One of the only studies that bears on the issue of ligand strain was published by Perola and Charifson in 2004 [29]. The authors examined ligand strain in a number of public structures from the RCSB database and proprietary structures from Vertex internal collection and found that 10% of the ligand structures examined had high strain (10 kcal/mol or greater above the global minimum). The two examples discussed above, 1A8T and 1A4K, are both part of the Perola dataset. Clearly these two ligand structures have high strain energies due to errors in fitting and not due to a fundamental property of the ligand’s conformation in complex with the protein. Close examination of the rest of the models for the ligands (where structure factors are available) showed that a number of them are incorrect, and re-solving them provided lower energy structures in about 85% of the cases [30]. Recent re-examination of the Perola dataset by the Snyder group has provided further insights into the large strain energies originally reported [31]. It is therefore most likely that the vast majority of ligand conformations in complex with a protein show strain energies less than 6 kcal/mol, unless the ligand is rather large [32]. Those ligand conformations with strain energies higher than 10 kcal/mol are almost certainly incorrect. As such low ligand strain should be among the criteria for selection of structures for pose prediction, as structures with high strain are very likely to arise from errors in the fitting process.

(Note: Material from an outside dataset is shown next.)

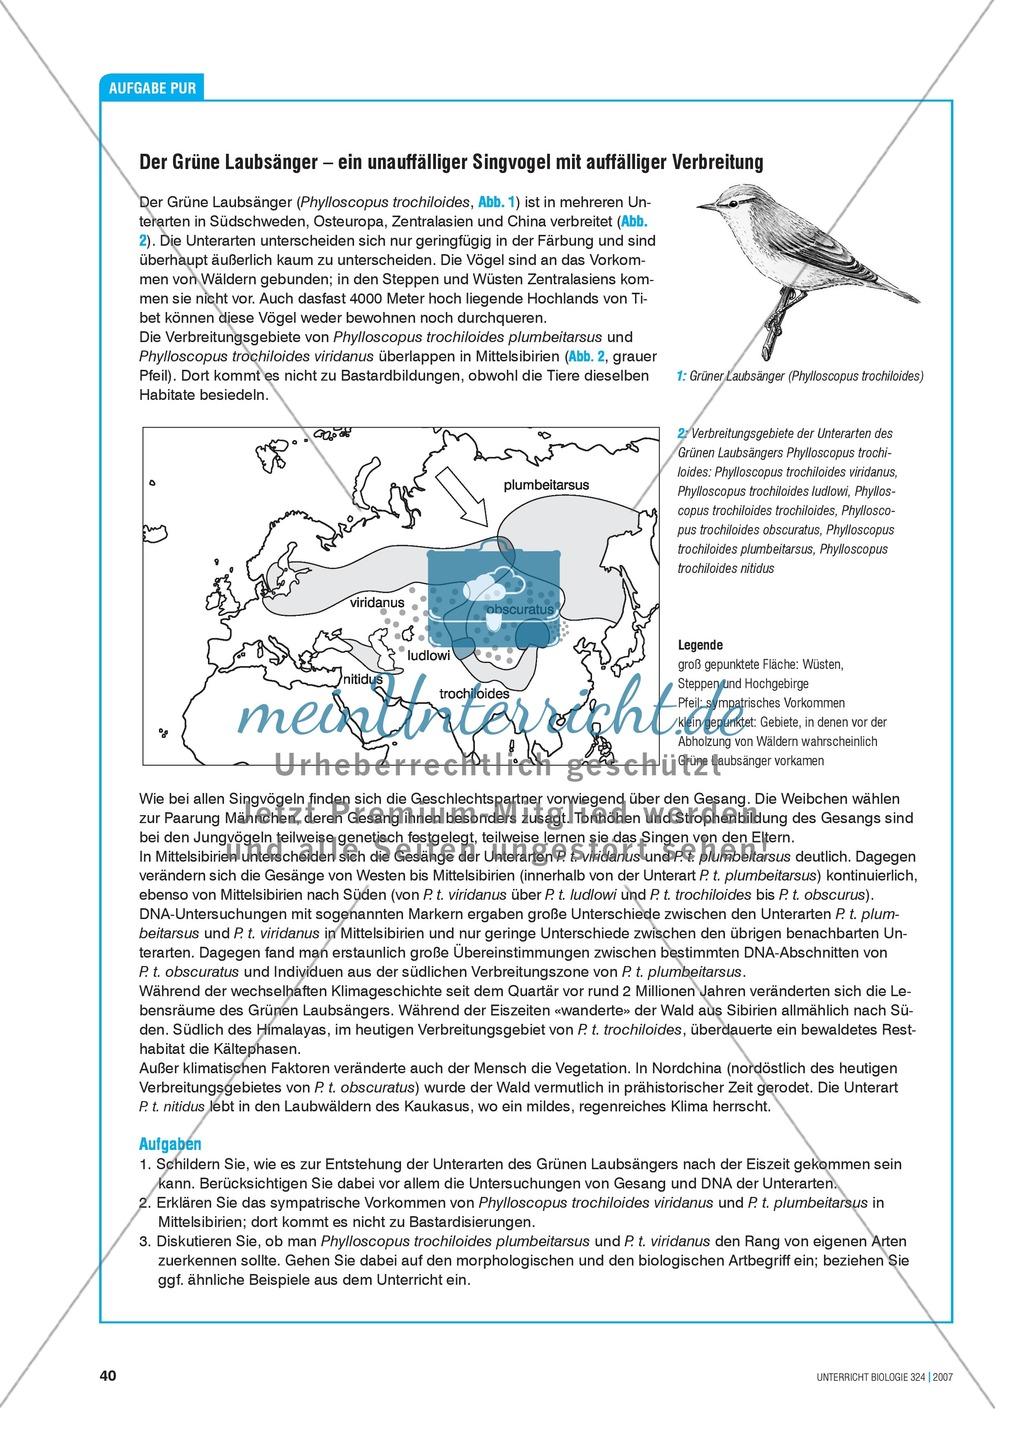 Der grüne Laubsänger - ein unauffälliger Singvogel mit auffälliger Verbreitung Preview 1
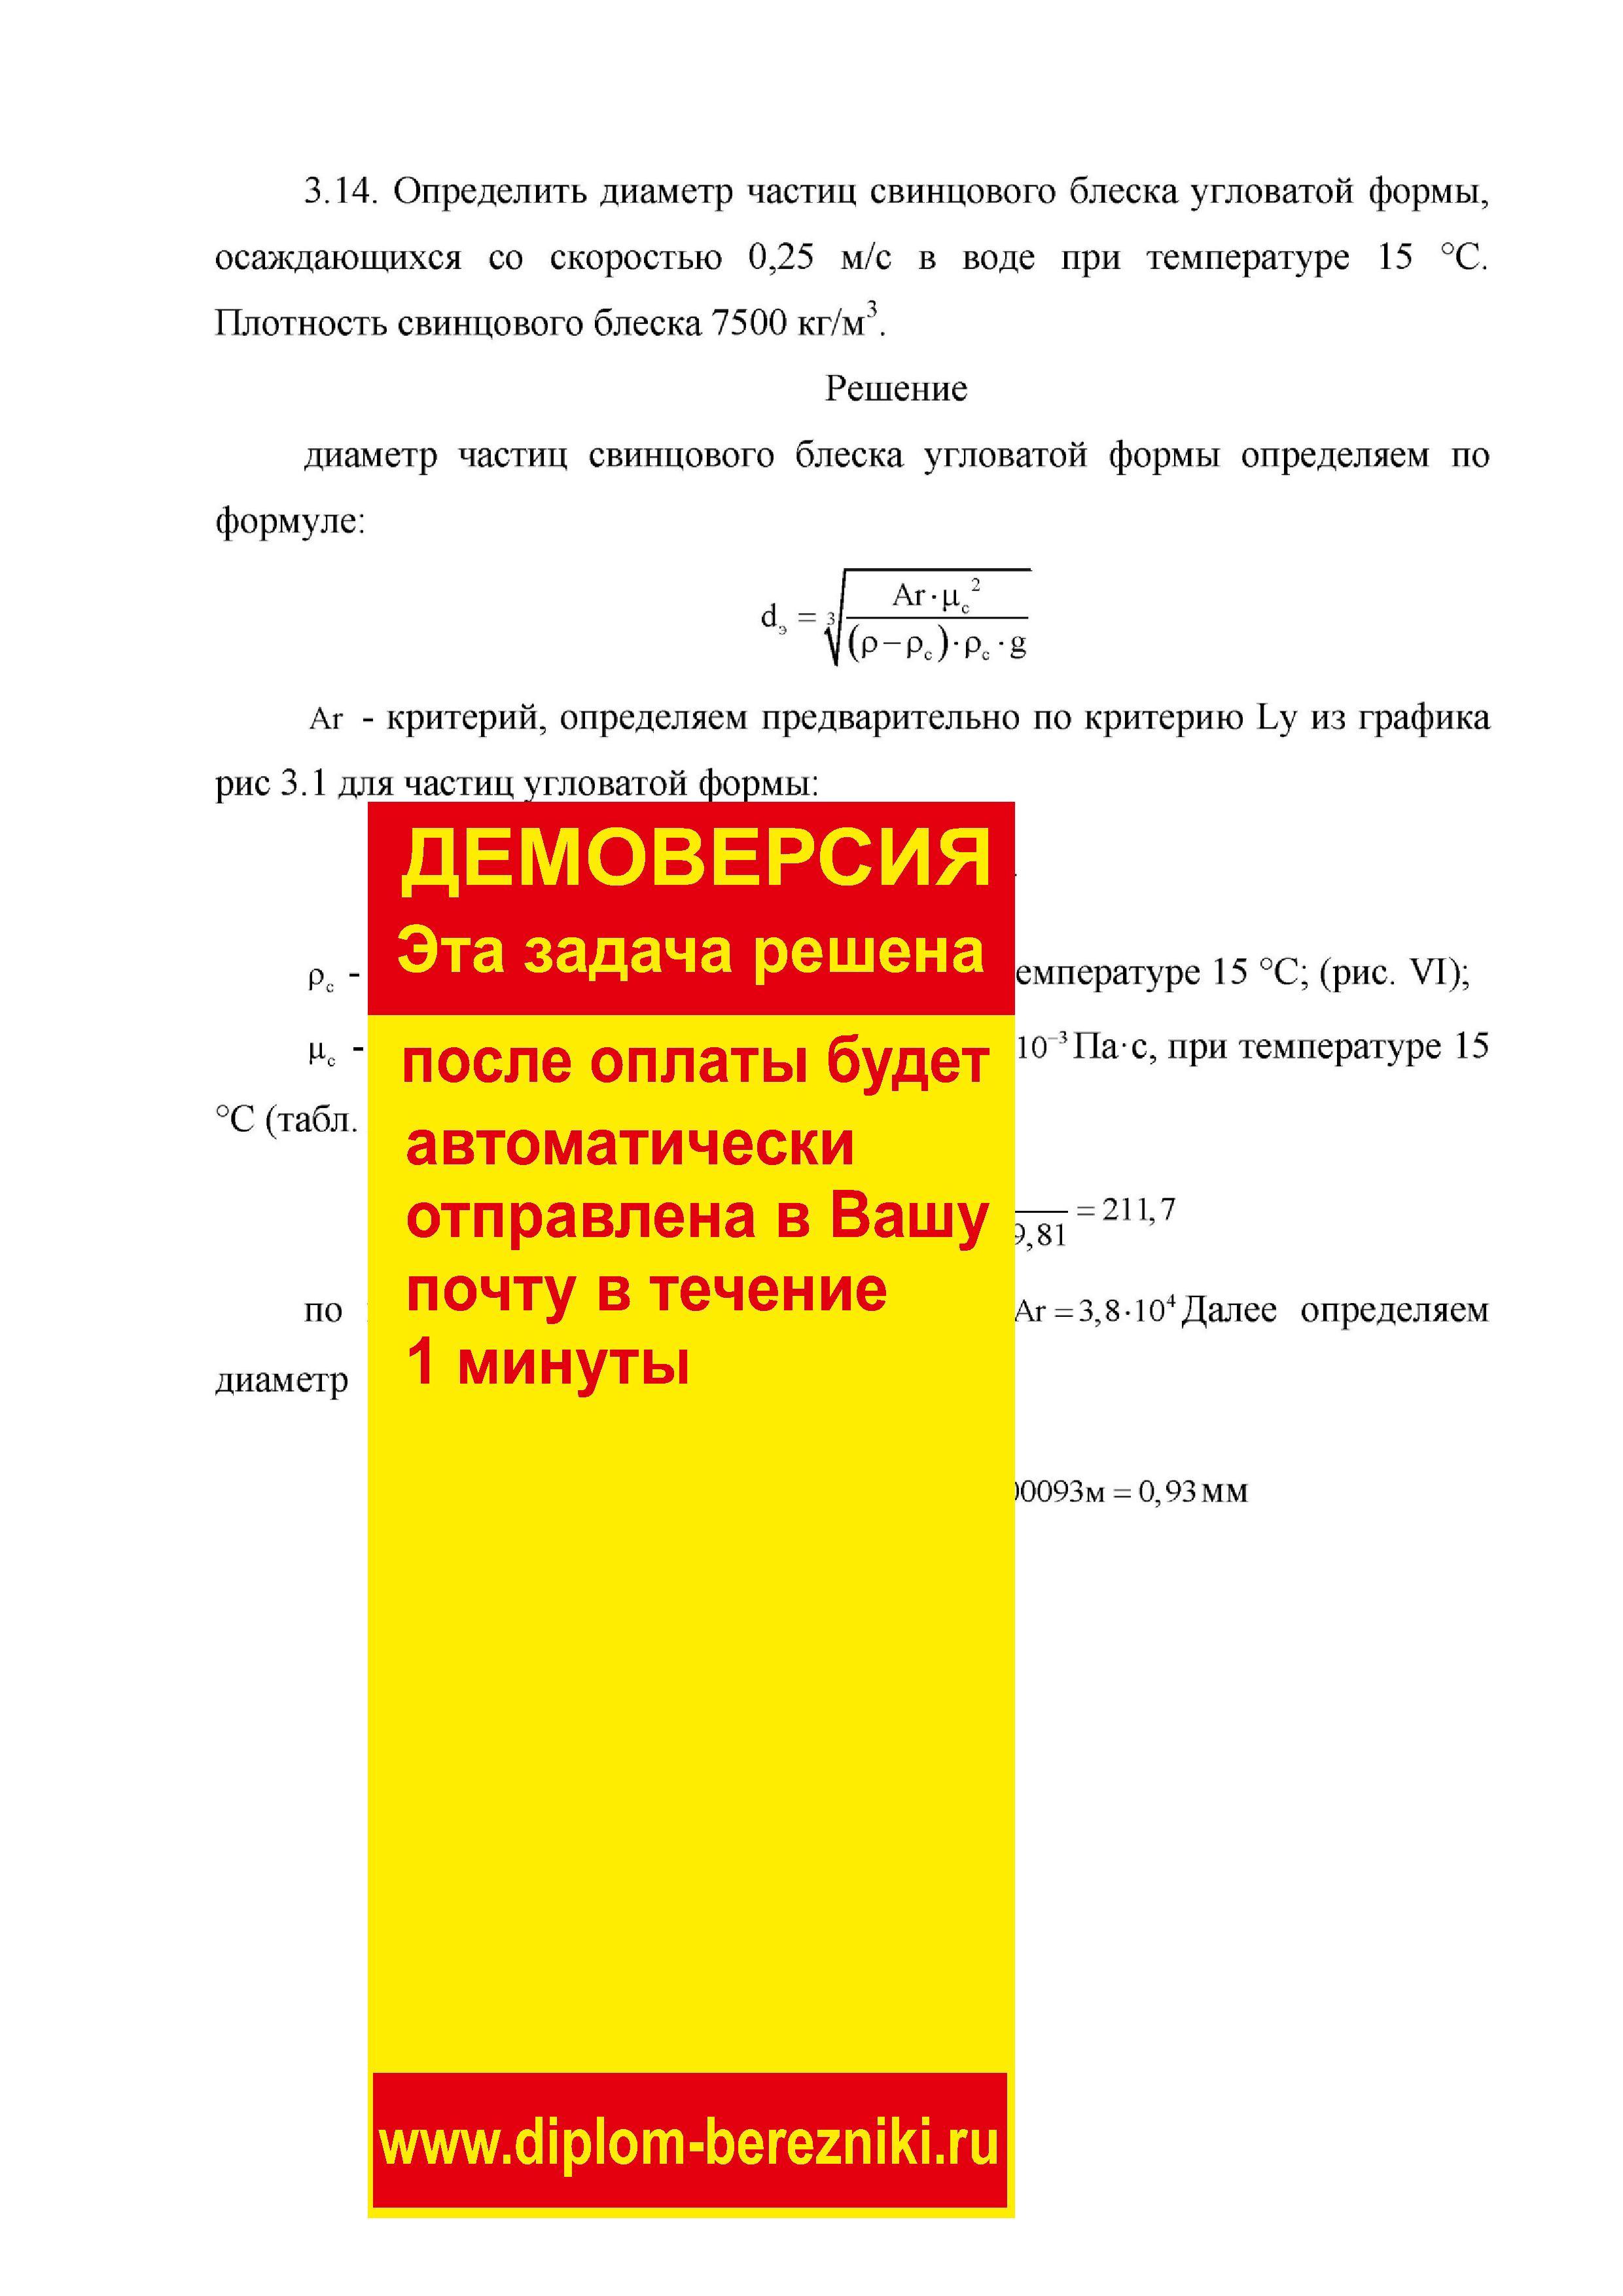 Решение задачи 3.14 по ПАХТ из задачника Павлова Романкова Носкова

It is clear from the foregoing discussion that, while crystal structures are an invaluable source of information on protein–ligand binding, these structures are not without many sources of confounding errors. These errors, those inherent to the data and the process of fitting, as well as those introduced by human error or the insufficiencies of the fitting program, should be borne in mind before using crystal structure data. The selection of a reliable set of structures for pose prediction is a therefore not a trivial task. An excellent study considering these issues can be found in Hartshorn et al. [33].

Virtual screening

Virtual screening can be defined as any method that ranks a set of compounds by some score. Successful virtual screening relies on having a scoring method that assigns good scores to interesting molecules (usually defined as active against a target protein of interest) and worse scores to uninteresting (inactive) molecules. Accordingly a successful virtual screen will provide, from the top of this ranked list, a set of compounds for experimental screening that is highly enriched in active molecules. This topic has been of great interest both in academia and in the pharmaceutical industry in recent years, and a large number of publications have appeared on the subject. While a few of the publications have investigated virtual screening conducted prospectively [3436], the vast majority have been concentrated in the area of retrospective virtual screening. In the rest of this article we shall concern ourselves solely with the retrospective experiments. The goal of such experiments is often to identify an application that performs well on a given target, or across a wide range of targets, with a view to utilizing this application in prospective virtual screens.

There are a number of approaches to quantitating the success of a particular tool for virtual screening. The most often used, and simplest to calculate, is enrichment at a given percentage of the database screened. Enrichment (EF) is defined according to Eq. 3 Footnote 3 (Hits x%sampled  = number of hits found at x% of the database screened, N x%sampled  = number of compounds screened at x% of the database, Hitstotal = number of actives in entire database, Ntotal = number of compounds in entire database).

$$ {\text{EF}} = (\text{Hits}{_{\text{sampled}}}^{\text{x\%}}/{\text{N}}{_{\text{sampled}}}^{\text{x\%}}) \times {\text{(N}}_{{{\text{total}}}} {\text{/Hits}}_{{{\text{total}}}} {\text{) }} $$
(3)

Enrichment appears to measure the quantity of most interest to those performing virtual screening: the ability of a tool to place a large proportion of the active compounds at the top of the ranked list. Enrichment is also simple to calculate and understand, so it seems the ideal metric with which to compare tools for their virtual screening performance. However, enrichment suffers from a number of significant drawbacks, especially when comparing results between studies or using enrichment to predict future performance:

  1. (i)

    It is dependent on the structure of the dataset, in that datasets with larger proportions of actives will have a narrower range of possible enrichments.

  2. (ii)

    It penalizes ranking one active compound above another.

  3. (iii)

    It exhibits pernicious behaviour at the cut-off at which the enrichment is calculated.

  4. (iv)

    It gives no weight to where in the ranked list a known active compound appears. Thus to calculate enrichment at 1% in a virtual screen of 10,000 compounds, the number of actives (N) in the top ranked 100 compounds is needed. However the enrichment at 1% is the same whether the N active compounds are ranked at the very top of the list or at the very bottom of the top ranked 100.

  5. (v)

    It is difficult to calculate analytically errors in enrichment, and there is no available literature for such a calculation.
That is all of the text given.